We’ve been, understandably, sheep-centric this week on the updates. Here are brief summaries on the sheep and several other topics.
Orphan lamb: I’ve decided grafting the lamb to Constellation might be the best option. It’s been nearly a week since she lost her lambs, but I’m hoping some mothering instincts will kick in. I’ve got the lamb in the dog crate and Constellation in the stall with her and I’ve been milking the ewe and feeding it directly to the lamb from a bottle. Constellation went out in the nearby fenced yard during the day so she could get some grass.
Other lambs: There were no roaring crowds, mint juleps, or fancy hats, money exchanged, or a clear distance with a start and finish line but all the participants ran hard and felt like winners in impromptu lamb races on what should have been the day of the Kentucky Derby. Even at less than a week old, the lambs enjoyed the beautiful weather as a group.
New ram: I contacted the breeder where I got the ram that died from on Monday to see if she might have any ram’s available this fall and she told me she’d they’d recently been castrated. Too bad, because I was really intrigued by using more of those Heritage Suffolk genetics as a teminal sire in my mixed-breed flock because I think it’ll add some rapid growth capabilities for the lambs to be marketed. She then told me she her ram (The sire of the one who died) was scheduled to get picked up to go to the butcher with culls from another farm on Wednesday since she’d expanded her flock and no longer had a place to keep him; but I could pretty much have him if I picked him up soon and allowed her breeding rights in the fall. It turns out the butcher he was going to was 45 minutes away from here in Athol so I met the truck and picked him up; saving me the more than 6 hour round trip to northern Vermont. I think he is going to fit right in… he got out of his quarantine pen twice already.
Horses: Doing well; and since the upper level jumperbarn where Liz rides and takes lessons is also closed due to the government restrictions, she’s been able to exercise and train Tucker a couple times and may again. I think she likes him and she’s an excellent rider so he’ll benefit from her training.
Fencing project: We now have all the holes augered and need to finish opening them up with the bar and hand post hole digger. Matt’s been coming with Liz and helping with the fence while she rides. I’m glad the two of them are in our social distancing circle!
Peacocks: I thought the hen had started sitting on the eggs to incubate them but she then ignored the nest an entire week. Maybe the sheep in the adjacent lambing pen intimidated her too much. Then today there was a 9th egg. Whatever happens with all that doesn’t really matter as I don’t need any more peafowl. We’ll let nature take its course and she can figure out what she wants to do.

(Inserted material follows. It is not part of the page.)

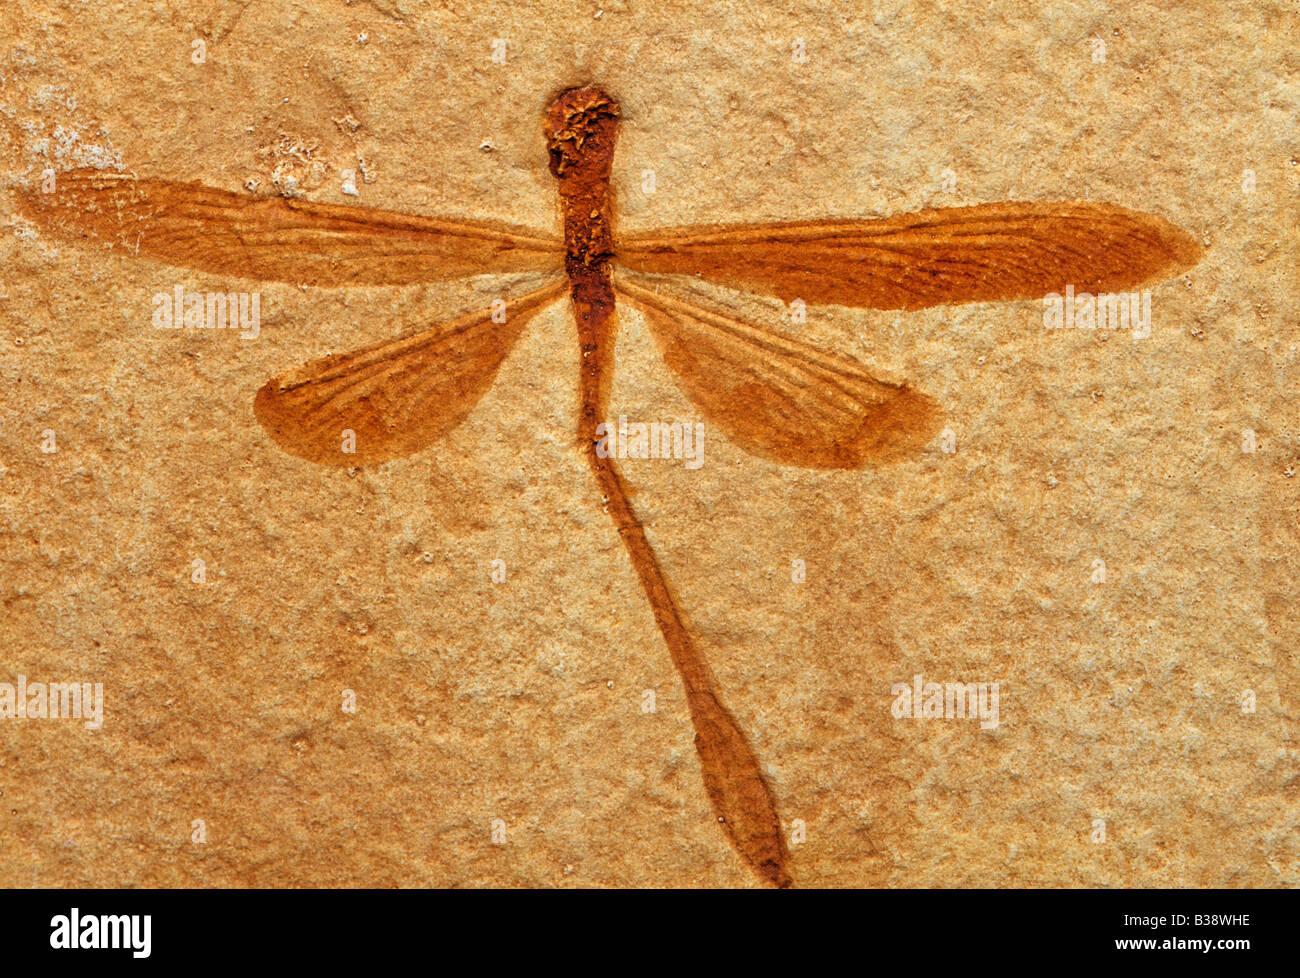 Réplique de libellule fossile du Jurassique supérieur aequalis Stenophlebia Bavière Photo Stock

Barn swallows: There was only one lonely-looking swallow in the outbarn during those two rainy days we had early in the week. Then the morning it stopped, Wednesday perhaps, there were a bunch of them. I tried to get a head count but, like unruly first graders, they wouldn’t hold still. They’d be sitting on the electrical conduit and one would dart out the front door of the barn, swoop around, and enter in the open section in the back of the barn just as two others would be leaving. I think there were seven that morning. Now there are at least four pairs repairing nests in the outbarn and others in the barn attached to the house.
Garden: I’ve started hardening off some of the brassicas by putting them in a sheltered part of the wood shed where they can still get some sun in preparing them to be transplanted in the garden. The mother ewe and triplets snuck by there on there way to pasture and chomped off a nearly a dozen of them in about 8 seconds. I still have plenty but I need to fortify that area better. I aso have to transfer some of the other veggies into larger pots.
Outdoor wood boiler: As usual this time of year, I shut down the furnace for the summer. The wood stove heats water which is pumped to the house and heats the house for the winter. When it is in use I feed it 2 to 4 times a day or even more in the bitter cold weather. I still need to clean it out and prepare it to sit for the summer as well as stack the woodpile; but it’s nice to have next year’s wood cut and one less daily chore I don’t have to do for a while!
Hope you all feel like winners in social distancing. Have a blessed sabbath tomorrow.
First photo: Constellation and the orphan lamb; hopefully bonding.
Second photo: The lambs getting ready for another race.
Third photo: The new ram seems to be of the friendly sort.